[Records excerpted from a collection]
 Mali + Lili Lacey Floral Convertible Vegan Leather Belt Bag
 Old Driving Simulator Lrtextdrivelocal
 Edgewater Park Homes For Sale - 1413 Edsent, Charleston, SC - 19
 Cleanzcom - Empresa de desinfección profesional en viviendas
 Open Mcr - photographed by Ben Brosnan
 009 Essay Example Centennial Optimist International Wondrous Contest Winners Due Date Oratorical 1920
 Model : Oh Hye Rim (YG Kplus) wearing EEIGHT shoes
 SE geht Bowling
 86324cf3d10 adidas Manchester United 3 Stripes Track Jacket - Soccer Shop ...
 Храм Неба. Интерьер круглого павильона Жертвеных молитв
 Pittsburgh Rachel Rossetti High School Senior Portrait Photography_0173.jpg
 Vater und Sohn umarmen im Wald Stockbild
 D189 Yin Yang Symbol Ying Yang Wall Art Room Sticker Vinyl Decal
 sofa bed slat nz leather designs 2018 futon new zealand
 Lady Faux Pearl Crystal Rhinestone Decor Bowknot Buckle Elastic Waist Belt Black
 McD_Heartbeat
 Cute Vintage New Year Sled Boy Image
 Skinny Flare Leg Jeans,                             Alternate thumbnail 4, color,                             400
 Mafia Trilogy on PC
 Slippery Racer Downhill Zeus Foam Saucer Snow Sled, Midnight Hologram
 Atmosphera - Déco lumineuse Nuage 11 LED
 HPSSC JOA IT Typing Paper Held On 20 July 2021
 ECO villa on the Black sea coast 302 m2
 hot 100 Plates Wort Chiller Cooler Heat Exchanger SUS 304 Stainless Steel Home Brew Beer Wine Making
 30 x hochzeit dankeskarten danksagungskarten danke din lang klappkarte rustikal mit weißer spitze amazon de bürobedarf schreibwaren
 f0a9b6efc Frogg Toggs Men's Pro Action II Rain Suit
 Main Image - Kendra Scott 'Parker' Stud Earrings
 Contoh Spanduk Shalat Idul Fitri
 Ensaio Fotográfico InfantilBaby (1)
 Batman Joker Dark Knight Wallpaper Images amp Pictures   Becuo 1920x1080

**WHAT YOU WILL DO:**
Reproduce verbatim the stretch of lines beginning with the one containing "hot 100 Plates" and ending at the close of the entries above.

**WRITTEN SOLUTION:**
 hot 100 Plates Wort Chiller Cooler Heat Exchanger SUS 304 Stainless Steel Home Brew Beer Wine Making
 30 x hochzeit dankeskarten danksagungskarten danke din lang klappkarte rustikal mit weißer spitze amazon de bürobedarf schreibwaren
 f0a9b6efc Frogg Toggs Men's Pro Action II Rain Suit
 Main Image - Kendra Scott 'Parker' Stud Earrings
 Contoh Spanduk Shalat Idul Fitri
 Ensaio Fotográfico InfantilBaby (1)
 Batman Joker Dark Knight Wallpaper Images amp Pictures   Becuo 1920x1080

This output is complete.